The above "preempt disable" is the most likely culprit. I'm trying to get towards an interrupt disabled free and lockless code path. But in doing so, one must be extra careful. This is why I'm taking baby steps towards this approach. Any little error in one of these steps, and you have race conditions biting you. The above replaces interrupt disables with preempt disables, uses the atomic data disable to protect against reentrancy. But this could also have opened up a bug that was not present with the interrupts disabled Hmm, that was a trivial patch. Perhaps the trivial ones are the ones that are most likely to be error prone. A developer will take much more care in developing a patch that is complex than something he sees as trivial ;-) --
attached. You can get the broken tree by doing this in tip/master: git-merge tip/tracing/ring-buffer Ingo
I've just checked-out tip/tracing/ring-buffer. That tree is still broken too, right? Or do I need to merge it to get the broken version? -- Steve --
yes, that's very likely broken too in a standalone way as well - but to get the exact tree i tested i'd suggest: git checkout tip/master git merge tip/tracing/ring-buffer Ingo --
My original patch had a compile bug when NUMA was configured. I
referenced cpu when it should have been cpu_buffer->cpu.
Ingo quickly fixed this bug by replacing cpu with 'i' because that
was the loop counter. Unfortunately, the 'i' was the counter of
pages, not CPUs. This caused a crash when the number of pages allocated
for the buffers exceeded the number of pages, which would usually
be the case.
Signed-off-by: Steven Rostedt <srostedt@redhat.com>
---
kernel/trace/ring_buffer.c | 2 +-
1 file changed, 1 insertion(+), 1 deletion(-)

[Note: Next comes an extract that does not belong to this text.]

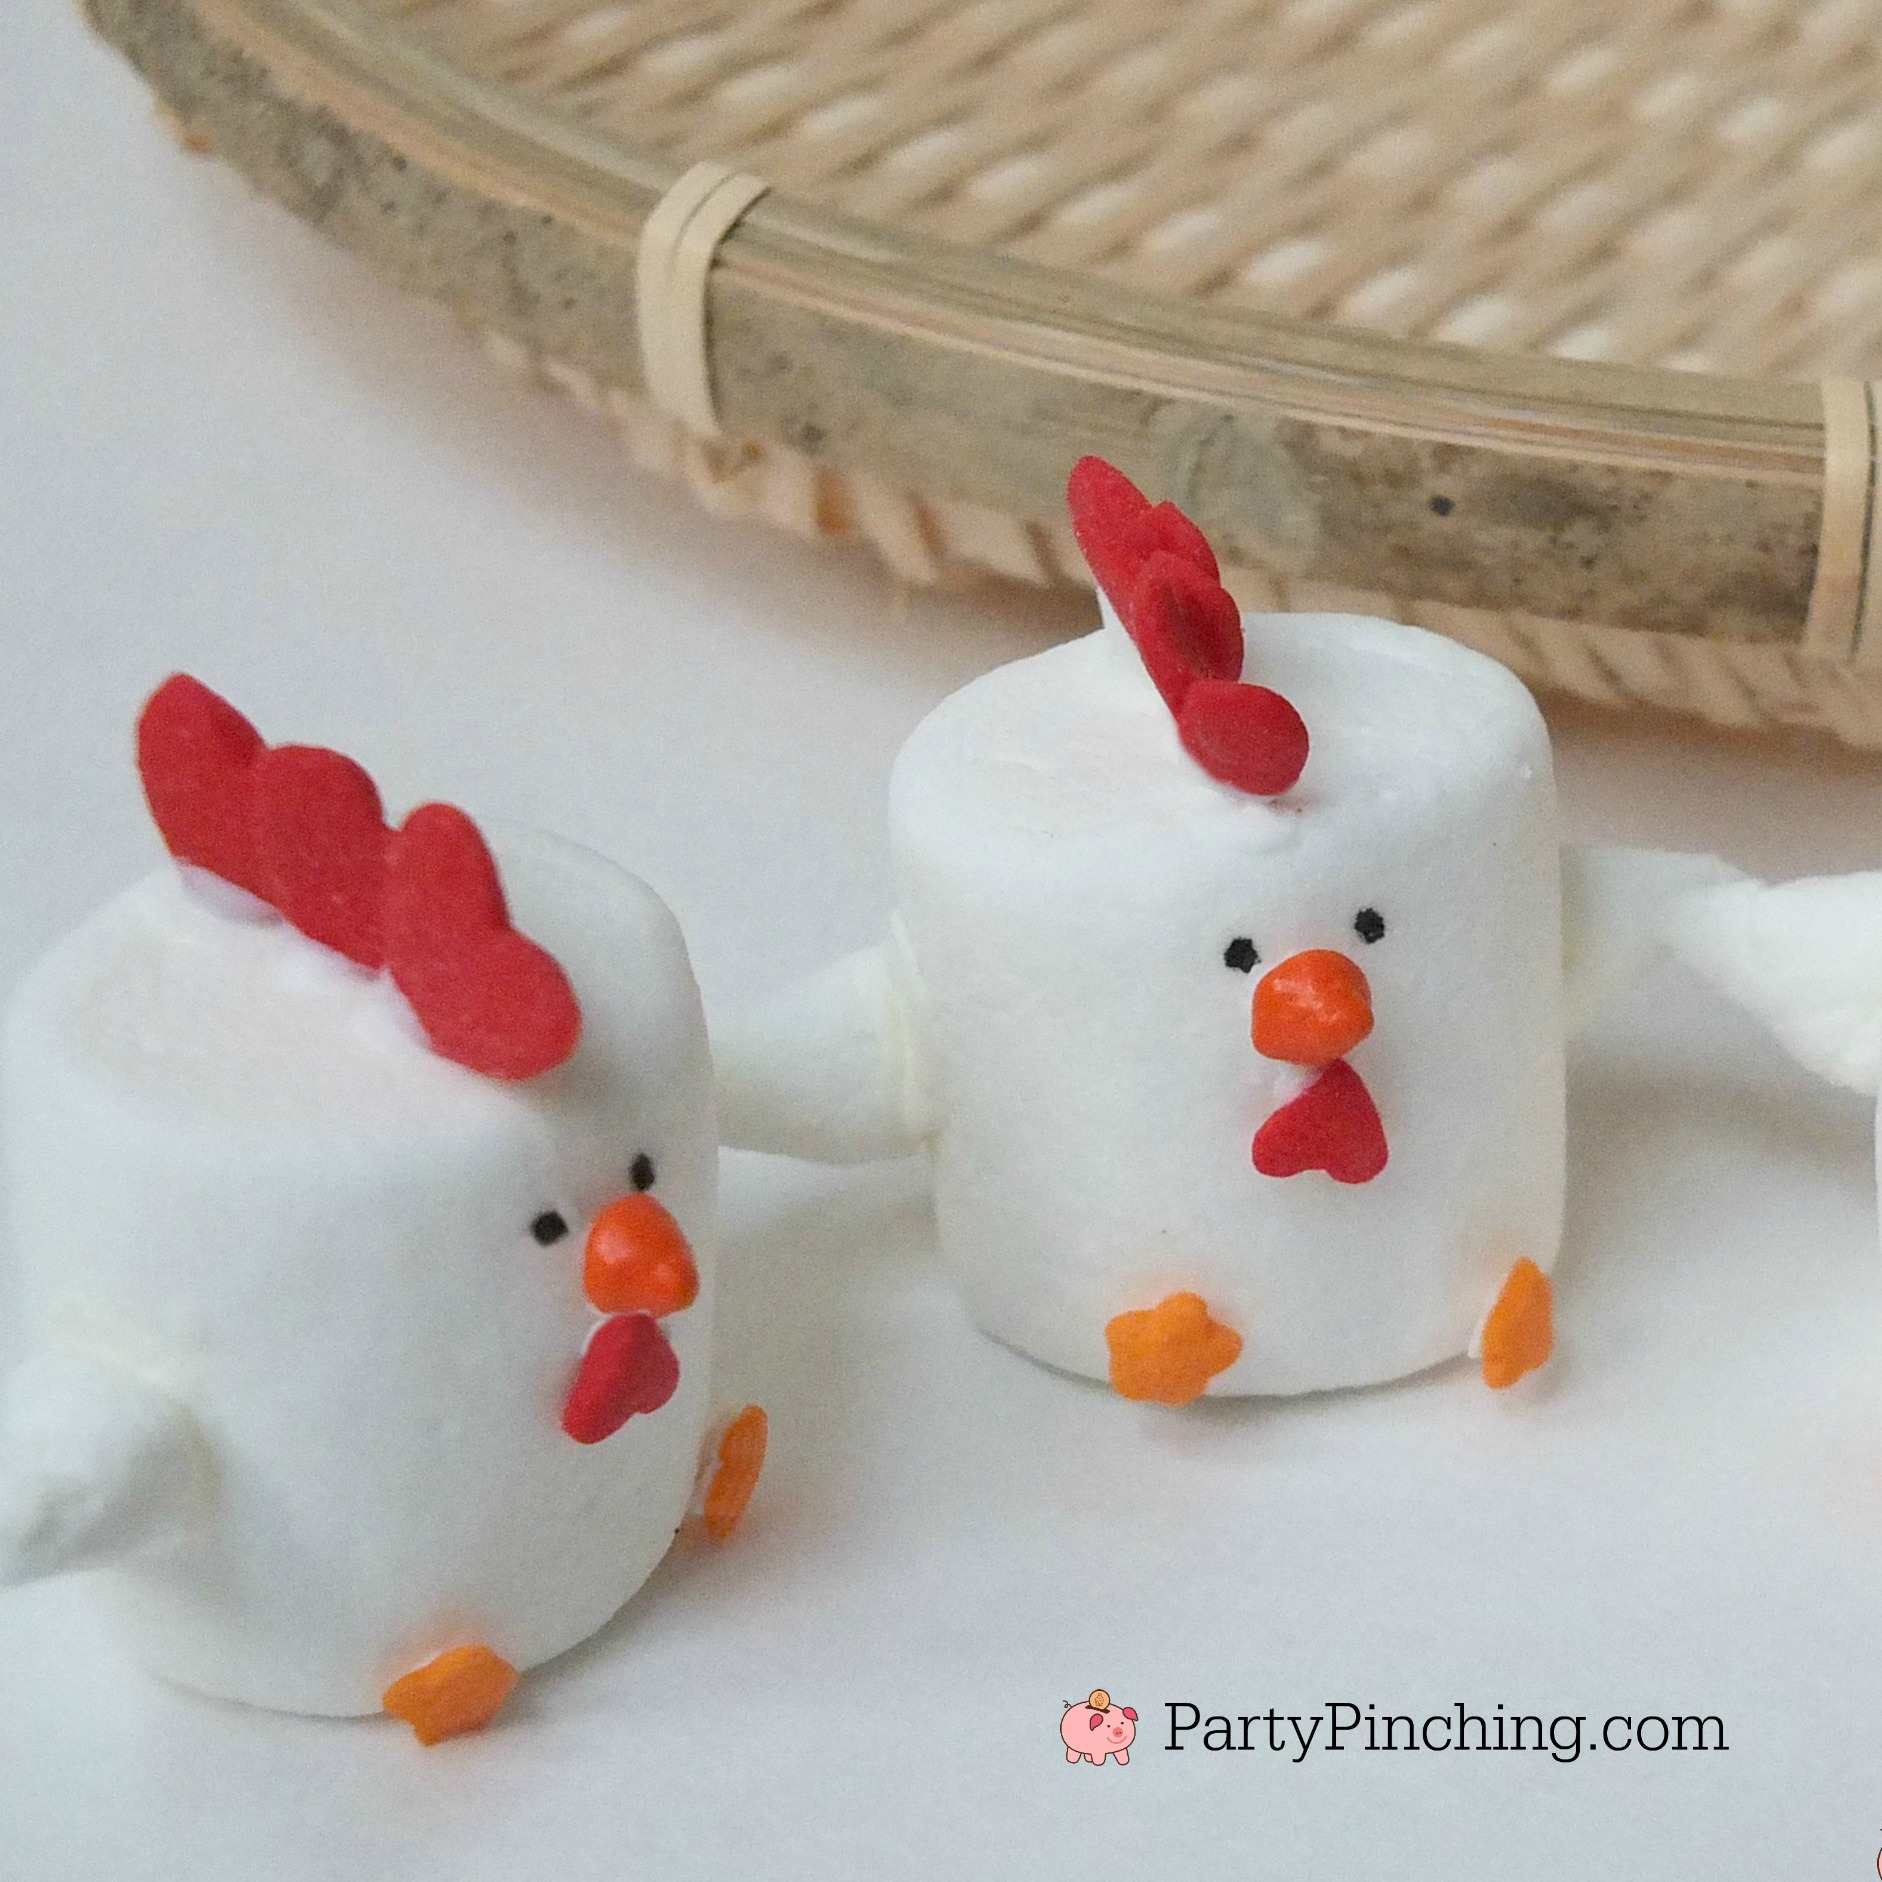 Rooster Marshmallows, Chinese New Year 2017 Rooster dessert, cute dessert treat for Lunar New Year, fun food for kids, sweet treats, easy dessert for Chinese New Year

Index: linux-tip.git/kernel/trace/ring_buffer.c
===================================================================
--- linux-tip.git.orig/kernel/trace/ring_buffer.c 2008-10-02 09:09:01.000000000 -0400
+++ linux-tip.git/kernel/trace/ring_buffer.c 2008-10-02 18:58:44.000000000 -0400
@@ -232,7 +232,7 @@ static int rb_allocate_pages(struct ring
for (i = 0; i < nr_pages; i++) {
page = kzalloc_node(ALIGN(sizeof(*page), cache_line_size()),
- GFP_KERNEL, cpu_to_node(i));
+ GFP_KERNEL, cpu_to_node(cpu_buffer->cpu));
if (!page)
goto free_pages;
list_add(&page->list, &pages);
--
That should have been: "when the number of pages allocated for the buffers exceeded the number -- Steve --
Declare NUMA-less cpu_to_node with a check that the cpu parameter exists so
people without NUMA test configs (namely Steven Rostedt and myself who ran into
this error both in the same day with different implementations) stop doing this
trivial mistake.
Signed-off-by: Mathieu Desnoyers <mathieu.desnoyers@polymtl.ca>
CC: Steven Rostedt <rostedt@goodmis.org>
CC: Linus Torvalds <torvalds@linux-foundation.org>
CC: Peter Zijlstra <peterz@infradead.org>
CC: Andrew Morton <akpm@linux-foundation.org>
CC: Ingo Molnar <mingo@elte.hu>
---
include/asm-x86/topology.h | 6 +++---
1 file changed, 3 insertions(+), 3 deletions(-)
Index: linux-2.6-lttng/include/asm-x86/topology.h
===================================================================
--- linux-2.6-lttng.orig/include/asm-x86/topology.h 2008-10-03 00:37:05.000000000 -0400
+++ linux-2.6-lttng/include/asm-x86/topology.h 2008-10-03 00:45:52.000000000 -0400
@@ -182,9 +182,9 @@ extern int __node_distance(int, int);
#else /* !CONFIG_NUMA */
-#define numa_node_id() 0
-#define cpu_to_node(cpu) 0
-#define early_cpu_to_node(cpu) 0
+#define numa_node_id() 0
+#define cpu_to_node(cpu) ((void)(cpu),0)
+#define early_cpu_to_node(cpu) cpu_to_node(cpu)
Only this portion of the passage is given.